Oil prices are up but a recession isn't looming: Nancy Lazar

Oil prices may be soaring, but the long-term impact on the United States economy and consumers is likely to be limited, according to one economist who said that a recession is not in the offing.

Attacks on Saudi oil fields and refineries have hit the global economy hard, with oil prices up 20 percent on Monday. Those concerns hit markets on Monday, with the three indexes all showing substantial losses in morning trading.

But a long-term decline in the markets, which have rebounded in recent weeks, is not likely, according to Nancy Lazar. The founder of Cornerstone Macro told FOX Business' Maria Bartiromo on Monday that the indicators aren’t there for widespread panic or concern.

“So far, quite frankly, I would say the increase in oil prices is not going to be a game-changer for the US economy,” Lazar said. “You need to see something up well over $100 [a barrel] for a sustained period of time, based on what I went and looked back yesterday, to really push the economy into a recession.”

Bartiromo pushed Lazar on if she thinks the Saudi attacks would trigger a worldwide decline in the markets.

“I’m not raising the odds of a recession, no,” Lazar said.

Instability in the oil markets is nothing new. The oil energy crisis of the 1970s that went into the next decade saw oil prices triple over a five-year period of time, cresting at $37.28 in February of 1981. Similar spikes have taken place during the Gulf Wars and other moments of supply uncertainty.

Part of the reason for confidence among economists like Lazar and others is the natural resources the United States is currently sitting on as well as their own reserves.

According to a June study by Rystad Energy, the United States currently has access to 293 billion barrels of recoverable oil resources within its borders, the highest number in the world (overtaking Saudi Arabia this past summer). But in the immediate, the Strategic Petroleum Reserve (SPR) can help offset any spikes to oil prices in the market and at the pump.

According to the Department of Energy, the United States holds reserves of 644.8 million barrels of crude oil.

Any decision by the president to release part of the reserves would mean that oil would hit the market within 13 days. The last time that the exchange was called upon for a release was in 2017 when Hurricane Harvey grounded all oil production in the Gulf of Mexico to a halt.

The total import protection, at full capacity, provides for 75 days of coverage for the United States economy.

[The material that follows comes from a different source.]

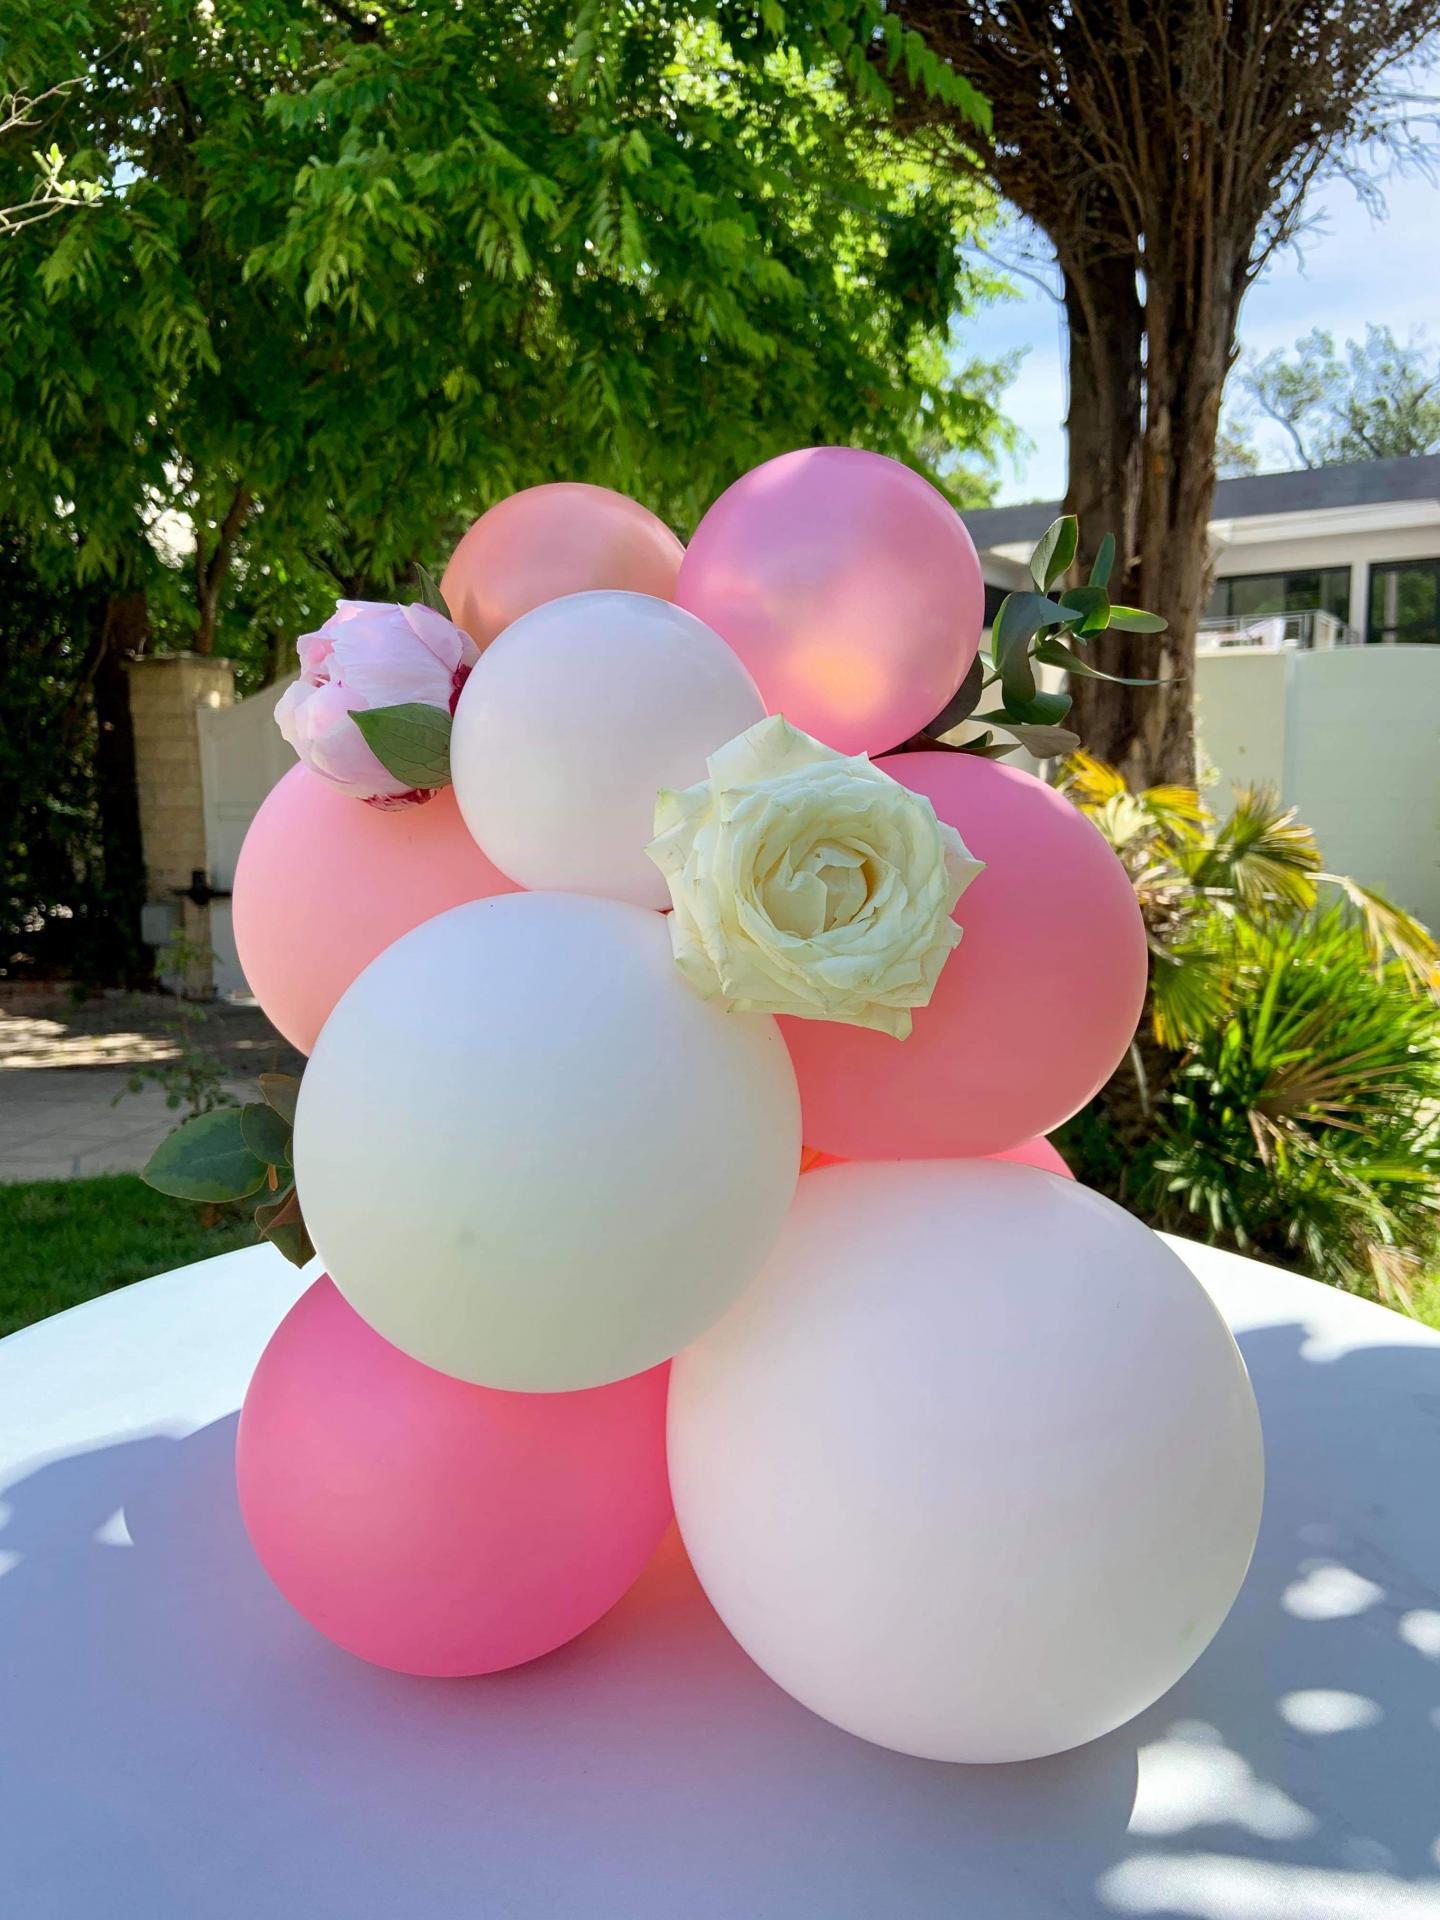 Fleurs et ballon en décor de buffet

And with Saudi Arabia nearing a return to one-third of their oil production loss, the reserve is in a good place to potentially minimize any impact to the economy and consumers.

There may even be the opportunity for the United States to turn the situation into an advantage, especially given the resources to weather the storm. Lazar notes that China, currently embroiled in a trade war with the United States, might become a potential market for America to sell its oil in the near-term.

“China was going to be buying at least our natural gas and over time to be sure,” Lazar said. “The United States ends up becoming that important, marginal supplier of oil to the world which will help to reduce the risk of economic activity.”